Answer: Many people will be experiencing something similar over the coming year, following the really bad performance of the local and offshore stock markets in 2022. There are a couple of things that you can do to improve the situation.
A mistake that many retired people make when it comes to managing their living annuities is that they are either too conservative or too aggressive when choosing an investment portfolio.
If you are too conservative, your overall pension will not keep up with inflation and you will find it harder to come out on your pension in years to come.
If you are too aggressive, you risk finding yourself in a situation where a stock market collapse can put the sustainability of your pension at risk.
There are a couple of investment portfolios that are designed to give you decent long-term returns, along with downside protection. I would certainly recommend that you consider these going forward. I have used these for several of my clients and their pensions actually increased this year despite the big fall-off in the market.
Move part of your living annuity into a life annuity
If you convert some of your living annuity into a life annuity, the life annuity should give you a guaranteed income that will be higher than the 7% that you are currently drawing down. This will allow you to reduce the drawdown rate on your living annuity to something more sustainable. (I wrote about this in DM168 in May this year.)
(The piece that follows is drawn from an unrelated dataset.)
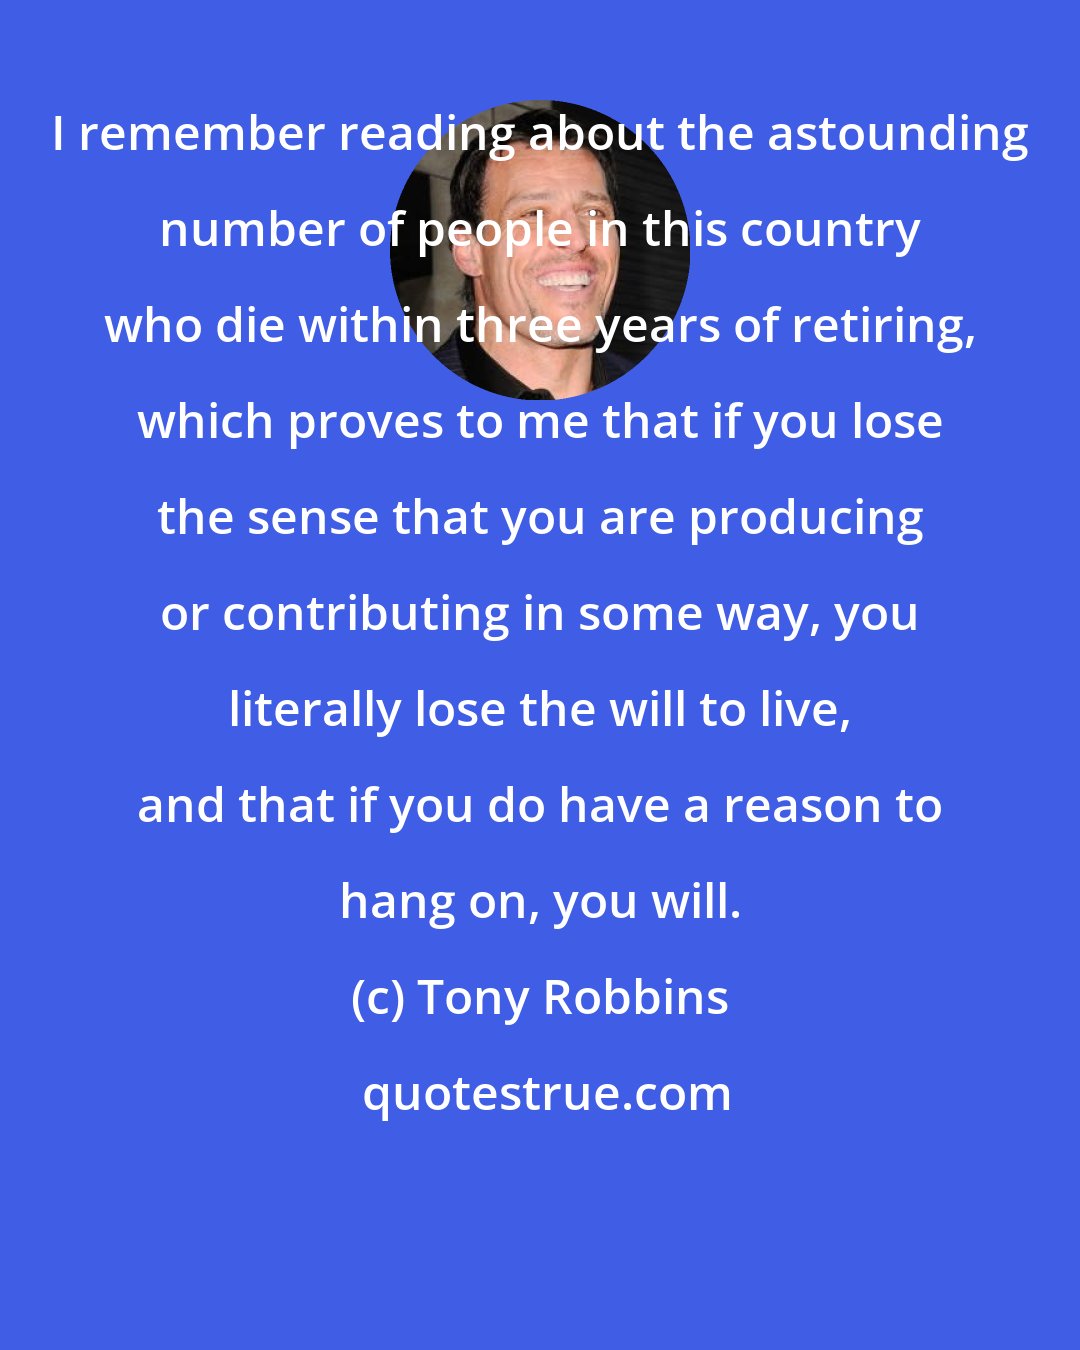 Tony Robbins: I remember reading about the astounding number of people in this country who die within three years of retiring, which proves to me that if you lose the sense that you are producing or contributing in some way, you literally lose the will to live, and that if you do have a reason to hang on, you will.

The downside, however, is that the money that you used to purchase the life annuity will not be available to your heirs should you pass away.
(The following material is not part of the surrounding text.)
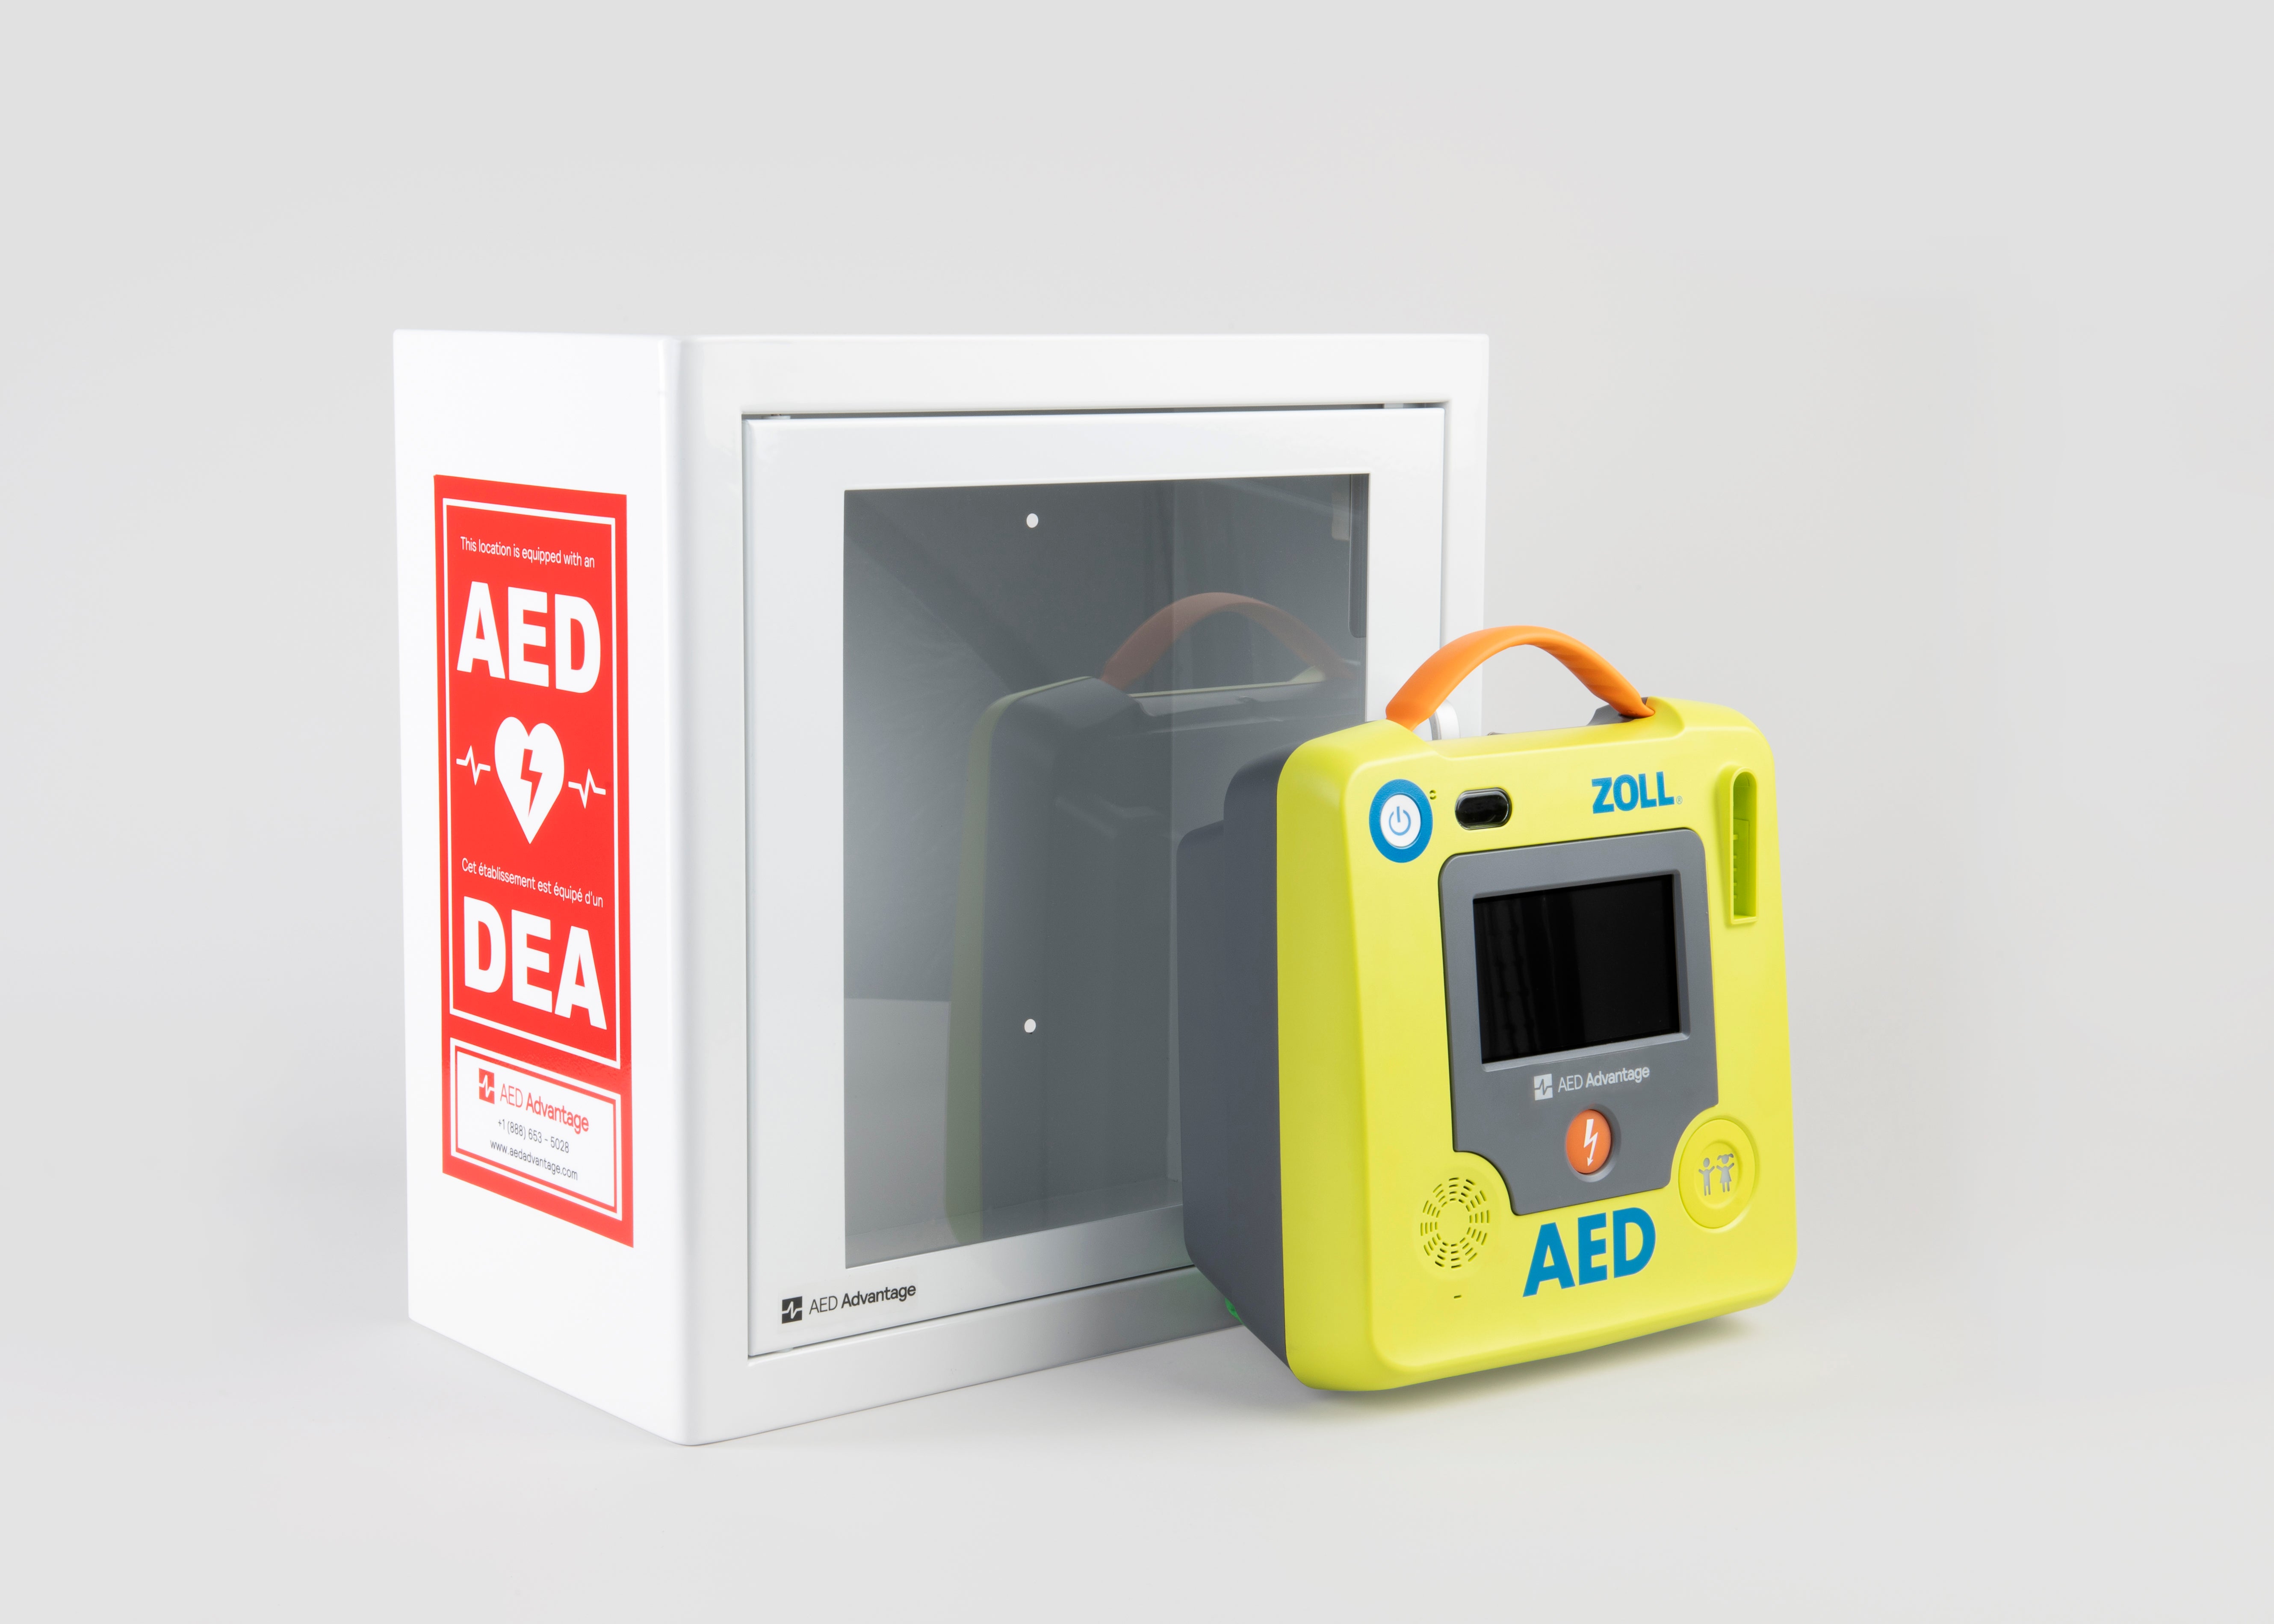 A green ZOLL AED 3 machine standing in front of a white metal cabinet with red decals

Set up a structured portfolio
I recently came across a solution that can give you a very similar result to moving some of your investments into a life annuity, but without losing access to the original investment.
Your beneficiaries will therefore still inherit the proceeds of your living annuity, while you can manage your income on a sustainable basis. This only works if your living annuity is worth at least R3-million.
Here you get a specialist to structure your portfolio, which includes a holding in bonds. You can currently invest in a bond that pays out 10.5%. This should be able to provide you with the necessary income without having to sell your growth investments while the market is down.
You can always reduce your exposure to bonds when market conditions improve.